#### YOUR INSTRUCTIONS
Provide an exact copy of the data, excluding the images.

#### SUPPLIED DATA
+++

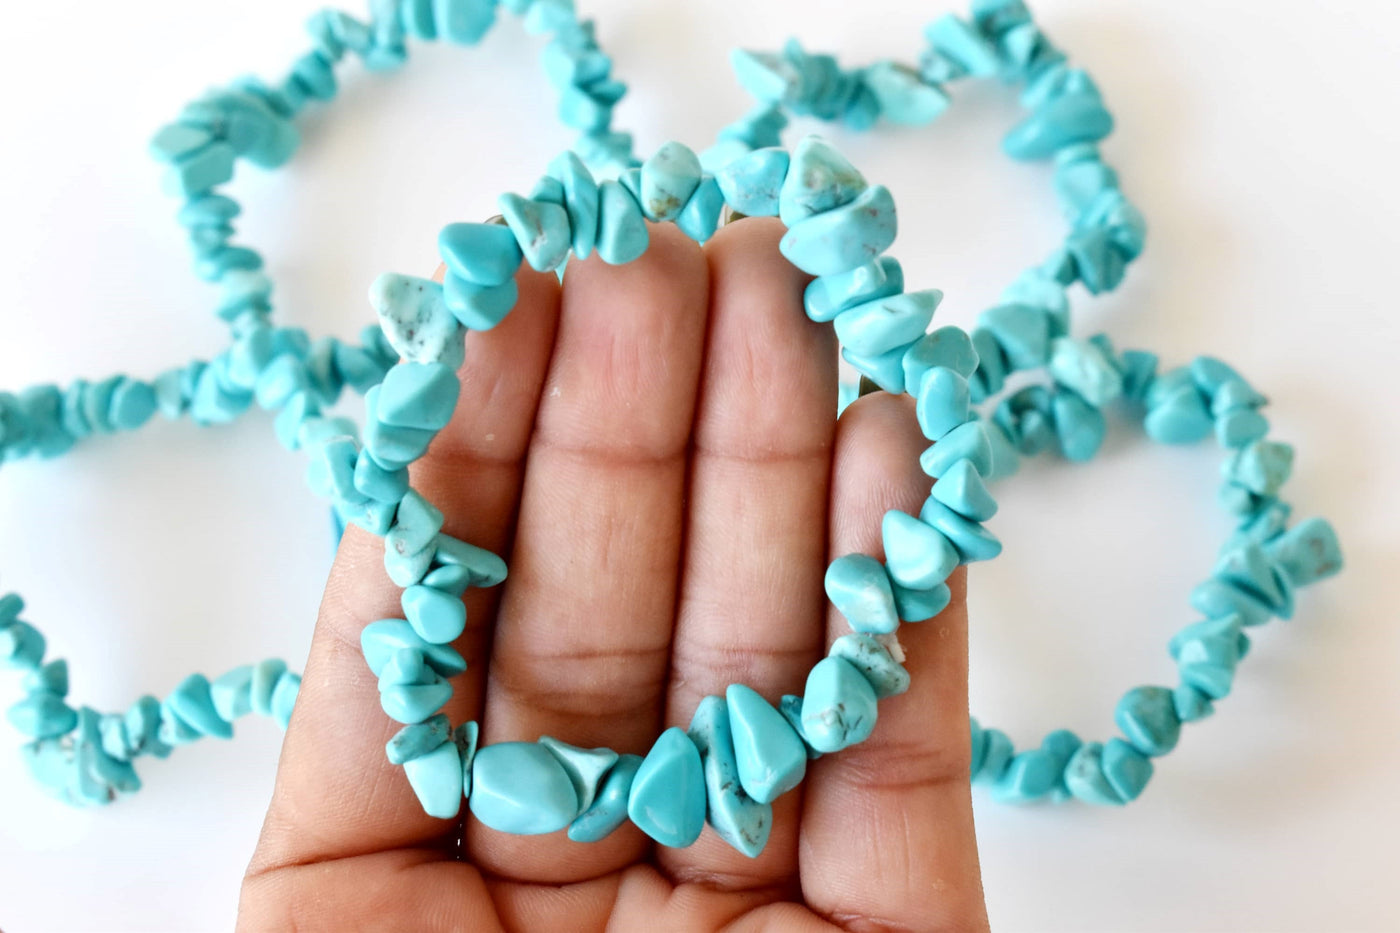 Turquoise Chip Bracelet (Travel  and Enhancing)
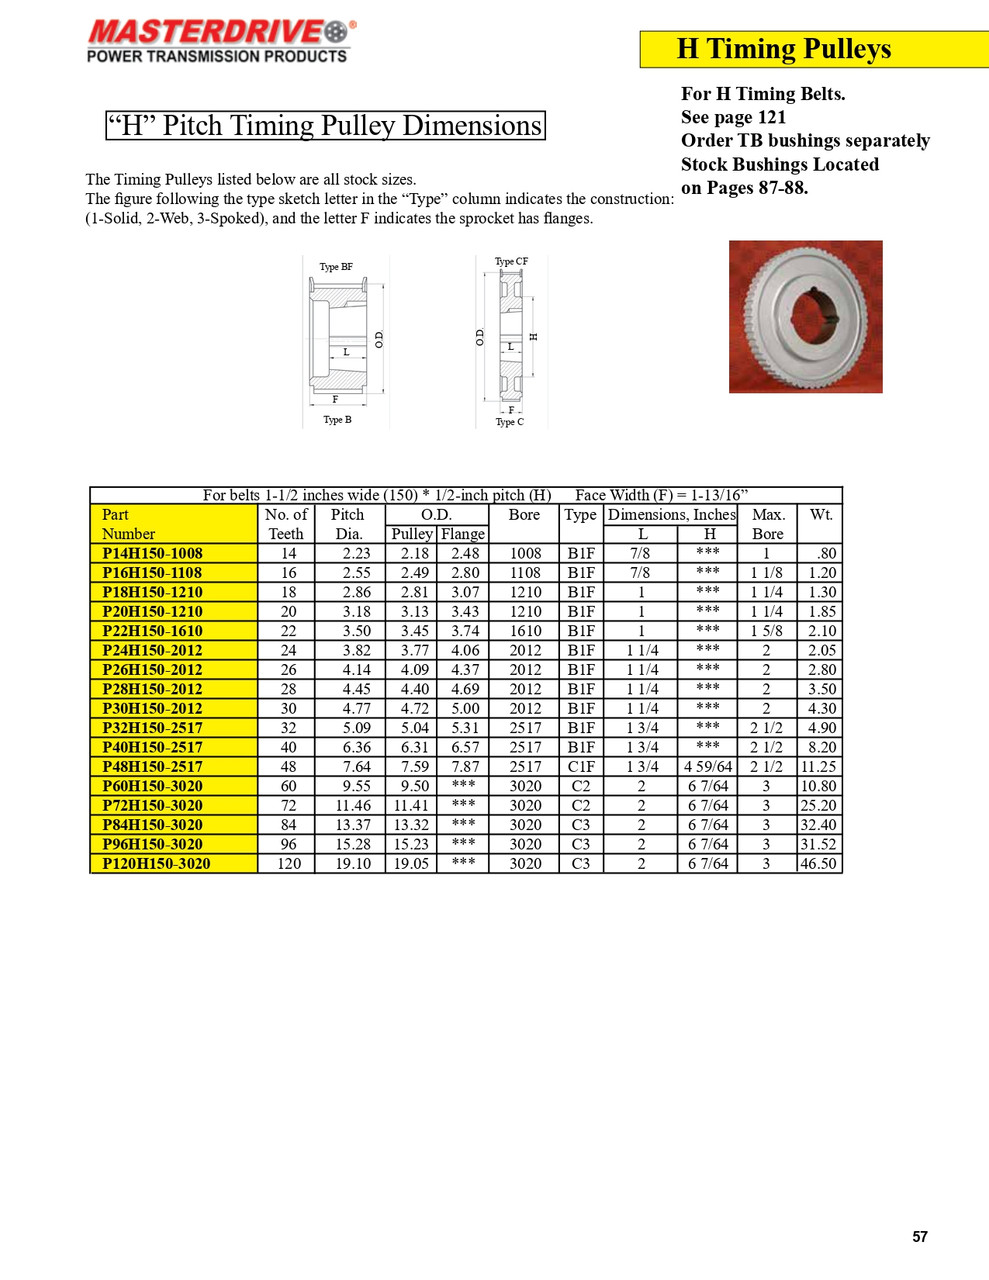 28 Tooth "H" Pitch "TB" Timing Pulley  P28H150-2012
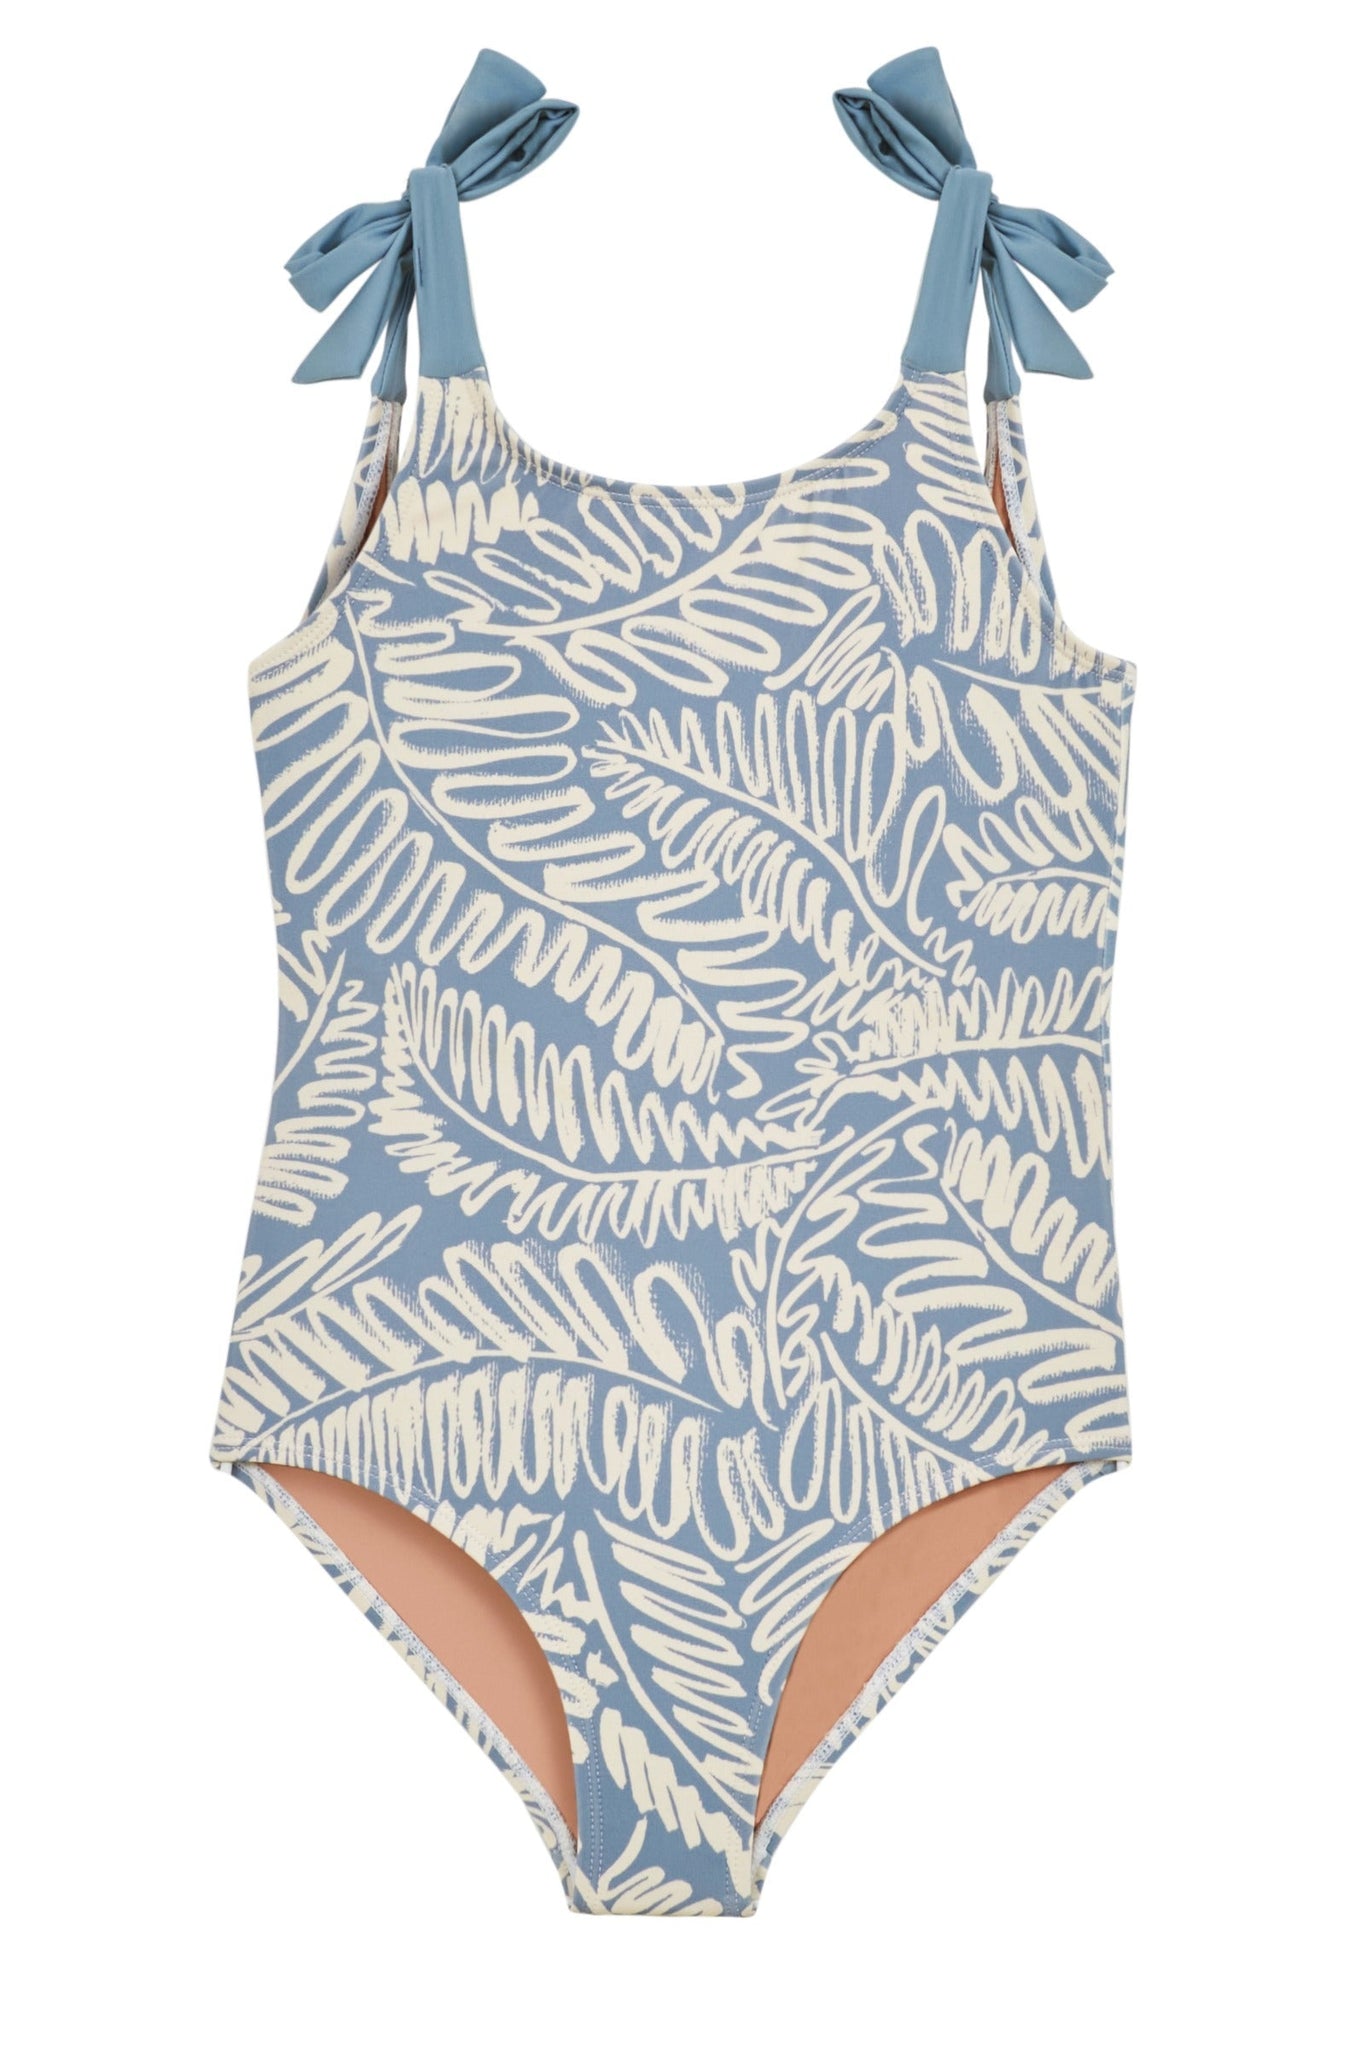 Little Britt One-Piece Swimsuit by Hermoza – Support Herstory

+++

#### ANSWER SECTION
 Turquoise Chip Bracelet (Travel  and Enhancing)
 28 Tooth "H" Pitch "TB" Timing Pulley  P28H150-2012
 Little Britt One-Piece Swimsuit by Hermoza – Support Herstory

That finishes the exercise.